## Task instructions
Set down the data again exactly. Pictures are not part of the copy.
━━ Data extract
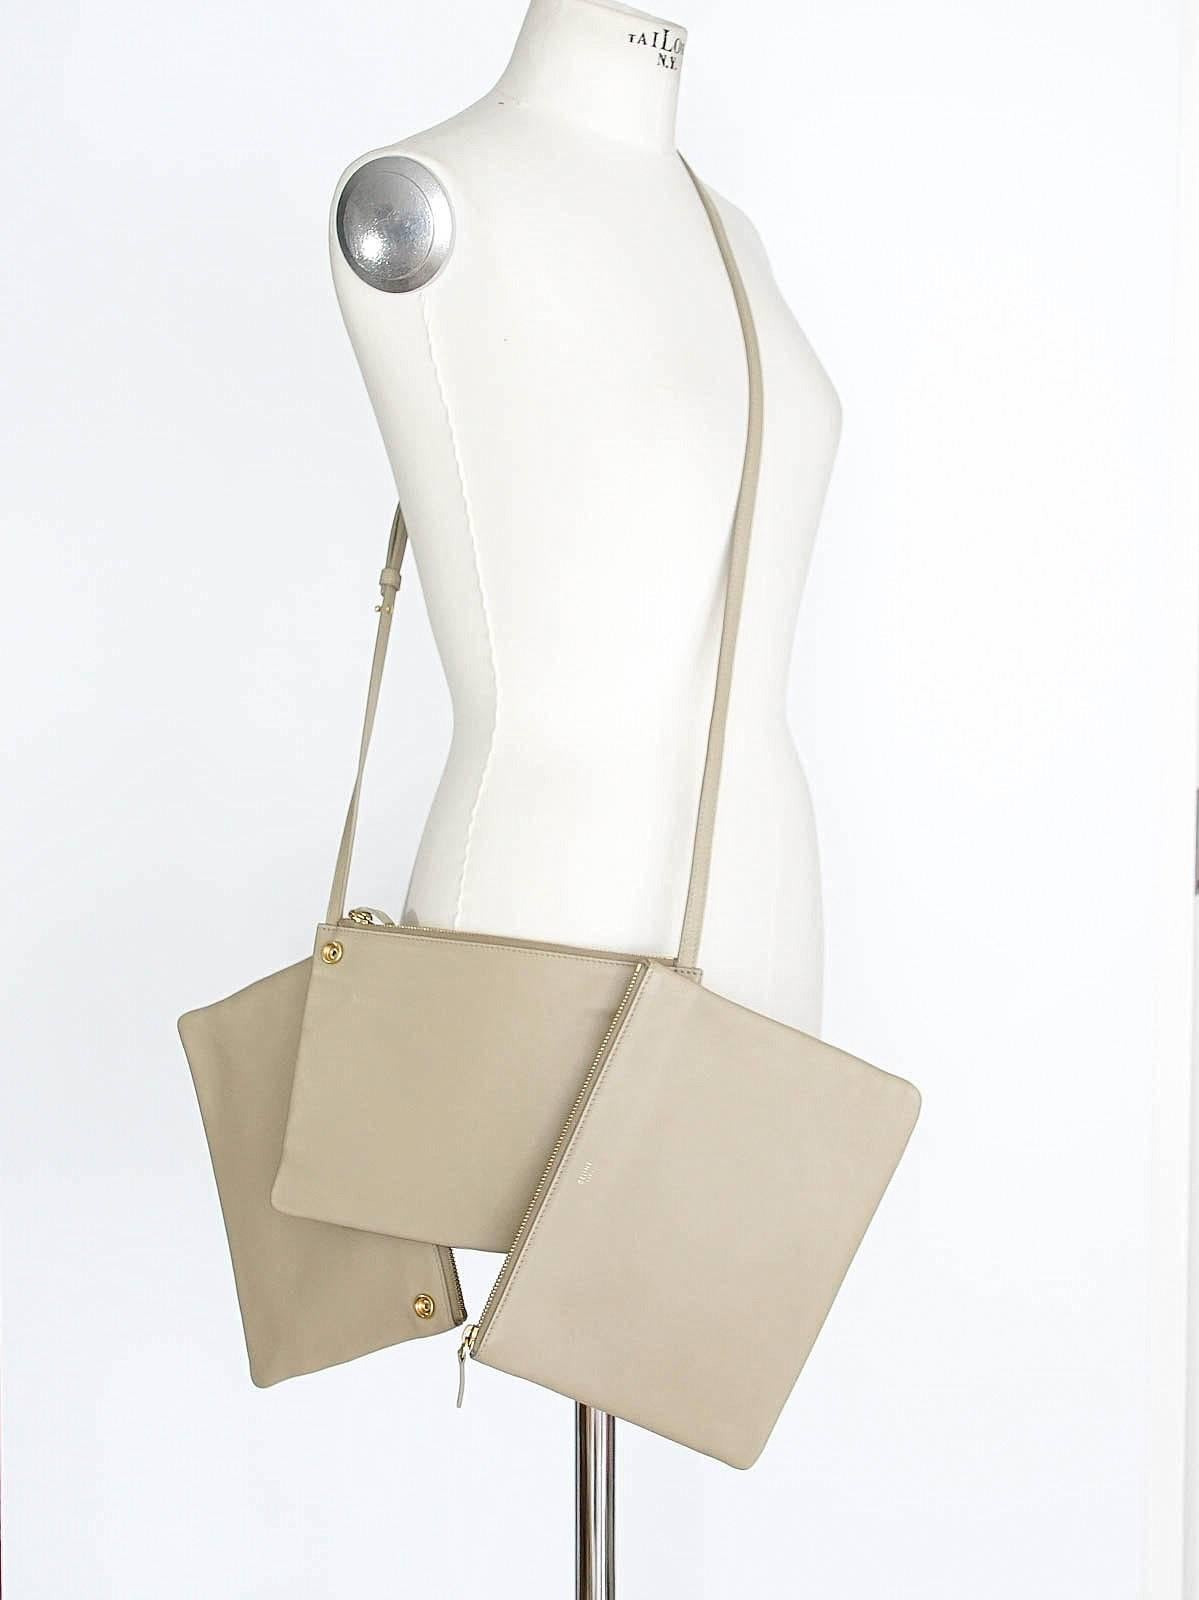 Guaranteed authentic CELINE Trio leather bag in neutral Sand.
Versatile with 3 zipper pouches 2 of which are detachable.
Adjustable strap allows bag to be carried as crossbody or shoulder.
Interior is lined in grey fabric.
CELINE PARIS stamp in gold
━━━━
## Written reply
 Guaranteed authentic CELINE Trio leather bag in neutral Sand.
Versatile with 3 zipper pouches 2 of which are detachable.
Adjustable strap allows bag to be carried as crossbody or shoulder.
Interior is lined in grey fabric.
CELINE PARIS stamp in gold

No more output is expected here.